Книга Мех форели - Пауль Низон
Шрифт:
Интервал:
Закладка:
Вернувшись в свой квартал, я пошел прямиком к Саиду и сел у стойки. Мне было важно погрузиться в безостановочное урчание его кабильского голоса. После обычных приветственных формул он тотчас завел разговор на свою излюбленную тему. Мол, скоро он привезет из Алжира свою семью. Я уже задавался вопросом, есть ли у него вообще семья. Или семья вправду есть, но нет места, где бы ее разместить, и он трудился в поте лица, чтобы купить подходящую квартиру, но как? По сравнению с кафе, хозяин которого носит пуловер, Саидово заведение не более чем кабак, если столь непрезентабельный погребок заслуживает такого названия. О своих семейных обстоятельствах я ему никогда не рассказывал, да он и не спрашивал. Я заказал рюмочку фиговой водки и стал смотреть на улицу. Возле Саидова кабачка ничего не происходило, и смотреть там было не на что, разве только на нескольких голубей, которые, дергая головой, сновали по сточному желобу в поисках чего-нибудь съестного. Вы любите голубей? — спросил я Саида. Он, похоже, не понял, что я имею в виду, и принялся рассуждать о жареных голубях и особенностях их приготовления, скажем по сравнению с перепелками. Потом мы с ним потолковали о почтовых голубях.

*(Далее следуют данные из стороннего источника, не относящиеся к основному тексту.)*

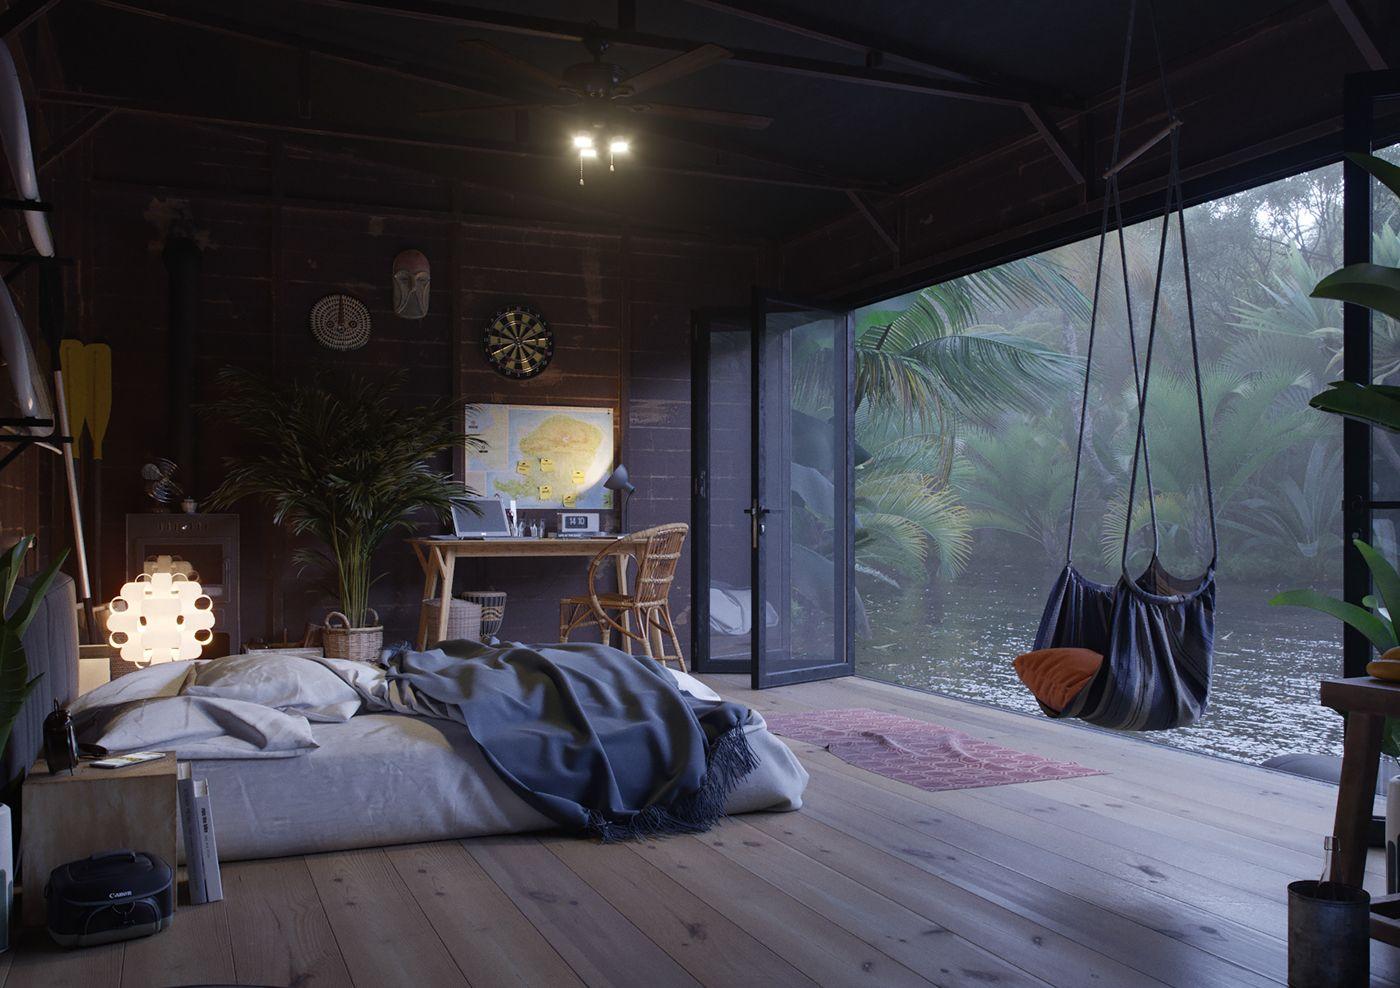 Une petite maison sur l'eau  PLANETE DECO a homes world is part of Cozy bedroom - Une petite maison sur l'eau Dmitri Reviakin est un designer et un artiste 3D, qui a imaginé cette petite maison en bois sur l'eau, sur une petite île d'Indonésie, appelée Lombok  On y arrive par bateau, et on est entouré par la jungle, les animaux, dans un paysage de début du monde, à la fois loin de la civilisation, et en même temps totalement immergé dans la modernité de cette construction

Я думал об исчезновении голубей с заднего двора, о ворковании, думал о голубином помете и голубином полете, о вспархивании испуганной голубиной стаи, которое звучит как хлопок. Потягивая фиговую водку, подбрасывал Саиду все новые реплики, лишь бы не умолкало его урчание. Да-да, почтовые голуби, говорил я, да-да, жареные голуби, которые так и просятся в рот, ого. А вот о жареных ласточках я никогда не слыхал, и в почтовой службе их не используют. Кстати, Саид, вам известно, что ласточки проводят жизнь в небе, я имею в виду, они никогда не садятся на землю, потому что не смогут взлететь? Как и стрижи. Симпатичное лицо Саида с густыми черными бровями и столь же густыми черными усами изменило выражение: он наморщил лоб и несколько озадаченно воззрился на меня. Я сдерживался, чтобы не назвать его «моя ласточка», так далеко заходить незачем, тем более с добрым знакомцем вроде Саида. Дверь распахнулась, вошел высокий, немолодой уже, для Саидова заведения слишком хорошо одетый господин; я легко угадал в нем отца несовершеннолетней девчонки, которая, по словам Саида, слоняется по окрестным улицам и у него тоже появлялась, конечно же без ведома отца. Теперь Саидов генератор урчал для родителя малолетней гулены.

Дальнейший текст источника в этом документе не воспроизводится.